- [Records provided]:
========================================
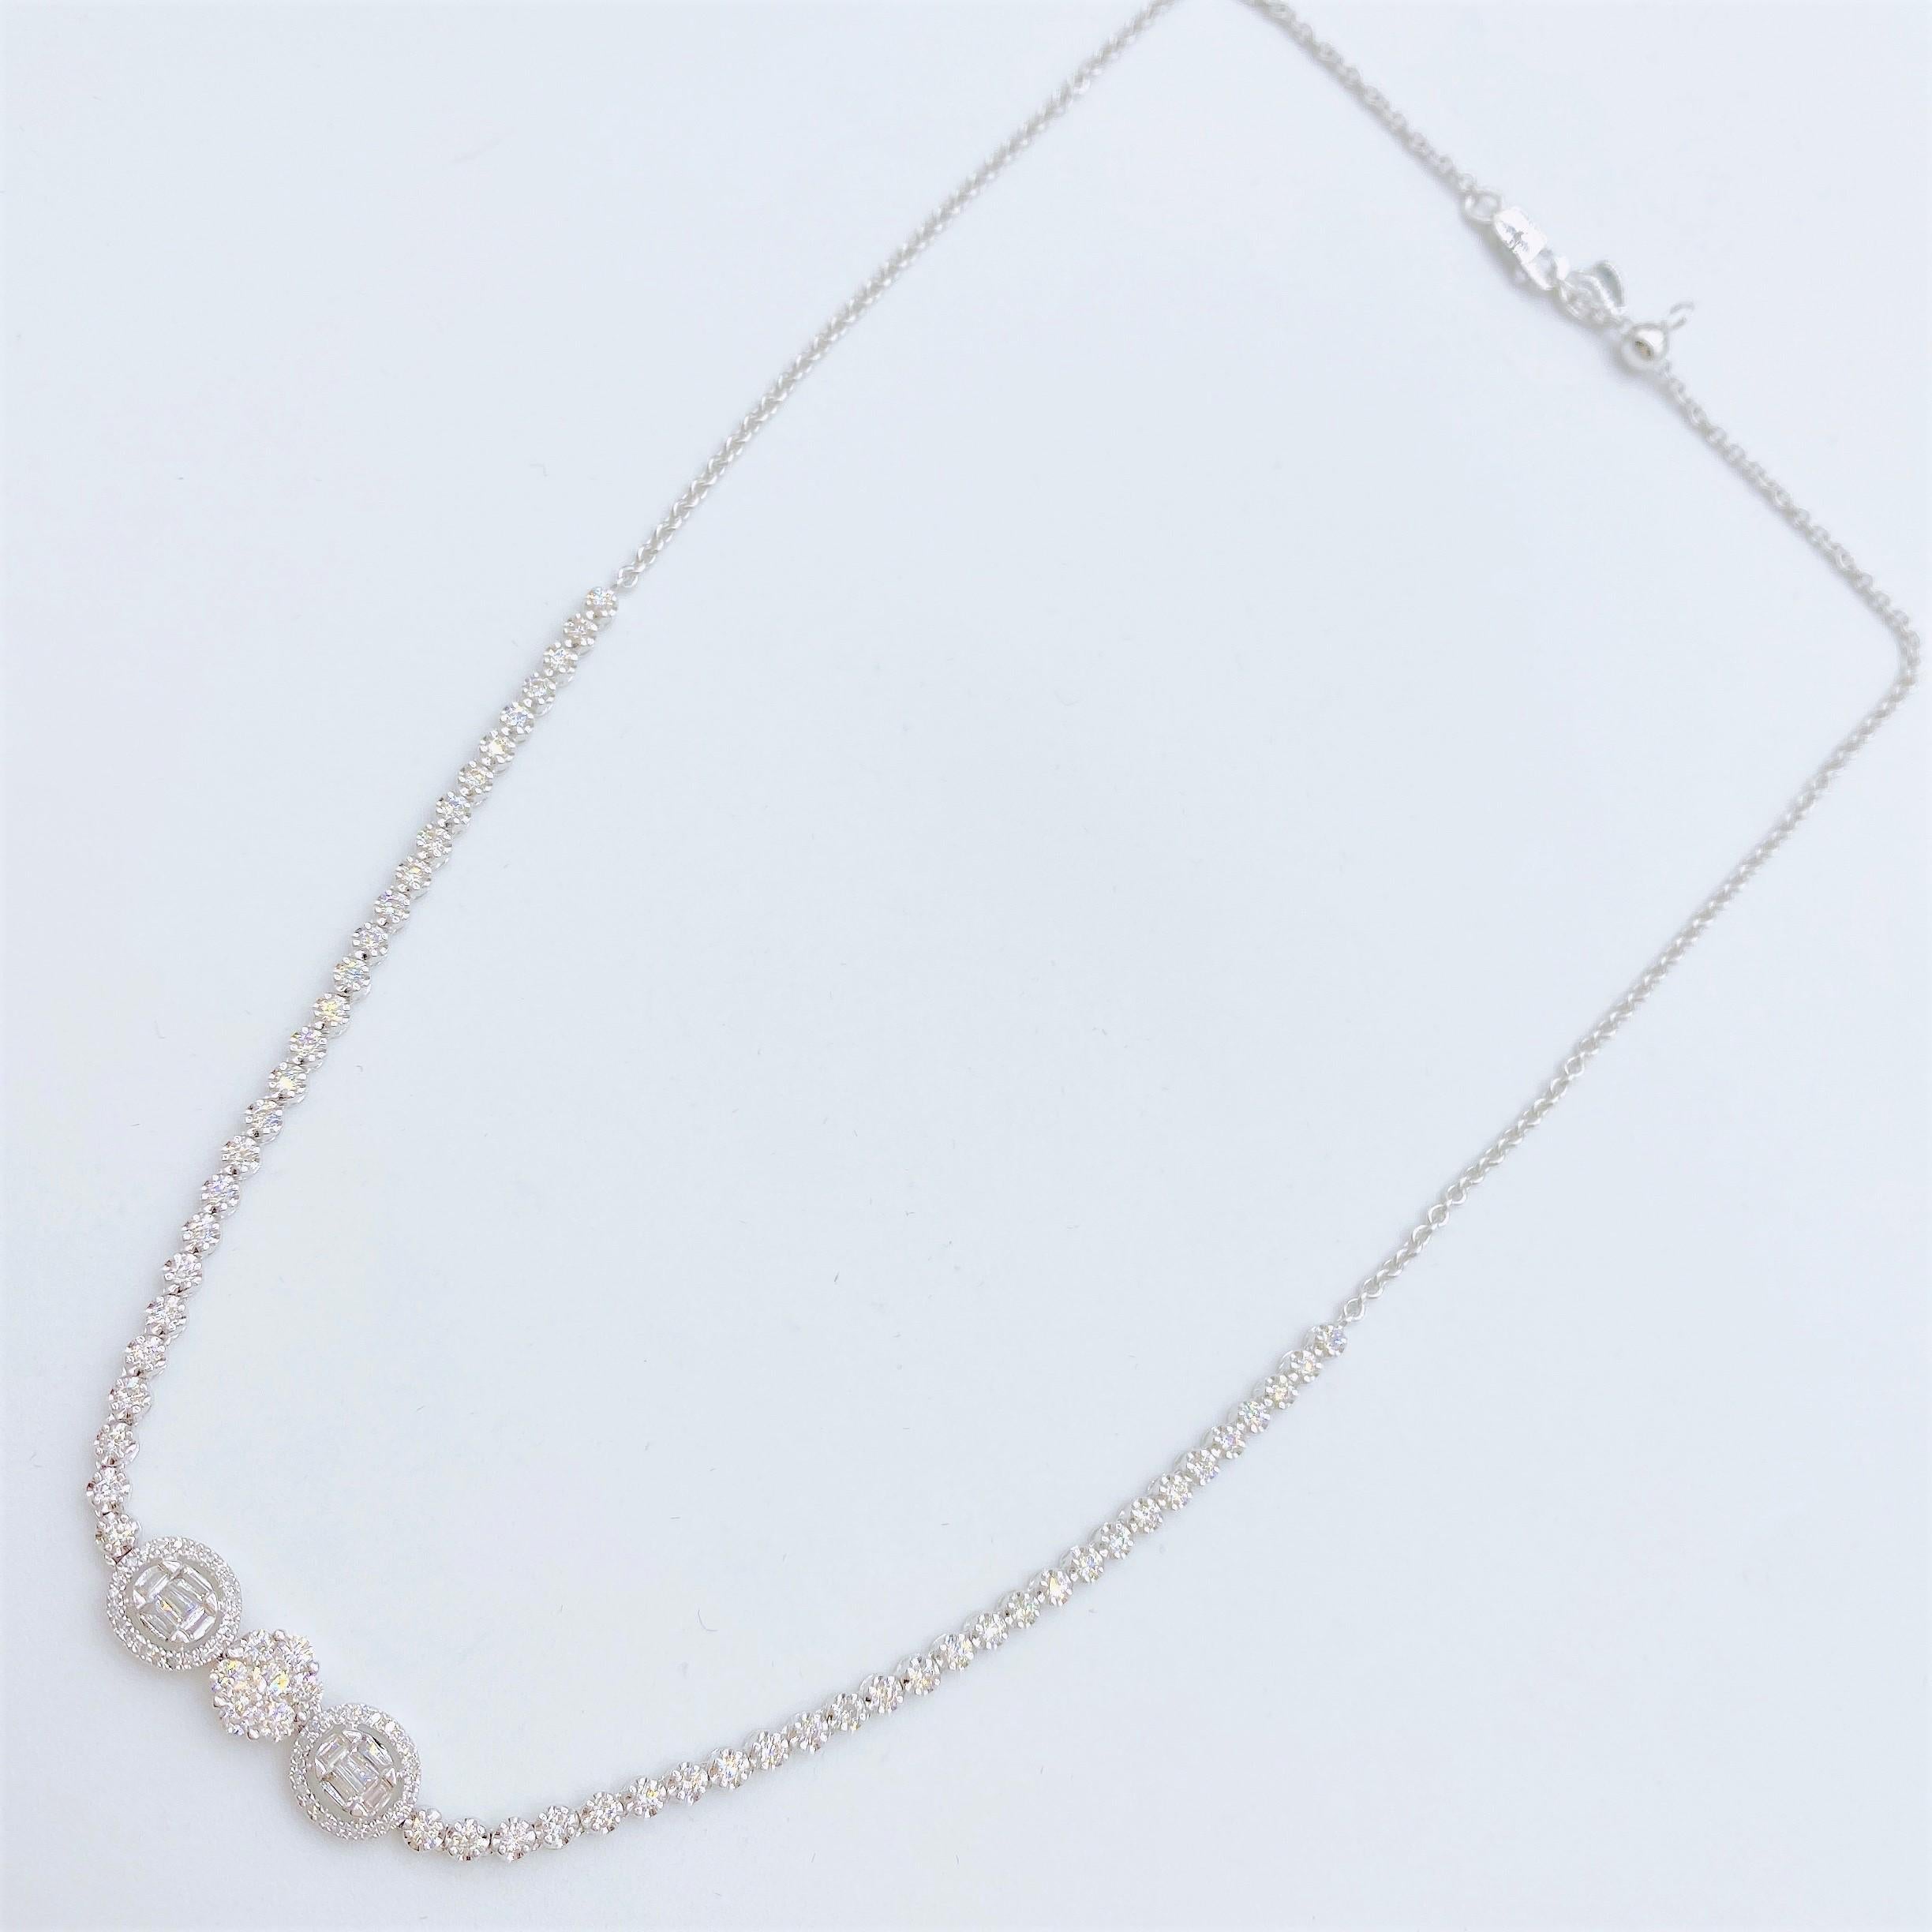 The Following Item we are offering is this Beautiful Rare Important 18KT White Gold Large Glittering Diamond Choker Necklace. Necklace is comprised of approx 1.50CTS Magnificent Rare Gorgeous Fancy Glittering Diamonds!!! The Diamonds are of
========================================
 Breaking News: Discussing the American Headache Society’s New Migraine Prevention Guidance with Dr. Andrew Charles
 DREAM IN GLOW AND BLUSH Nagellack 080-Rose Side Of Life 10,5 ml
========================================
- [Your instructions]:
Working from the data above, extract solely the lines from the one containing "Breaking News: Discussing" through the one containing "DREAM IN GLOW", exactly as they appear, both included.

- [Solution to the exercise]:
 Breaking News: Discussing the American Headache Society’s New Migraine Prevention Guidance with Dr. Andrew Charles
 DREAM IN GLOW AND BLUSH Nagellack 080-Rose Side Of Life 10,5 ml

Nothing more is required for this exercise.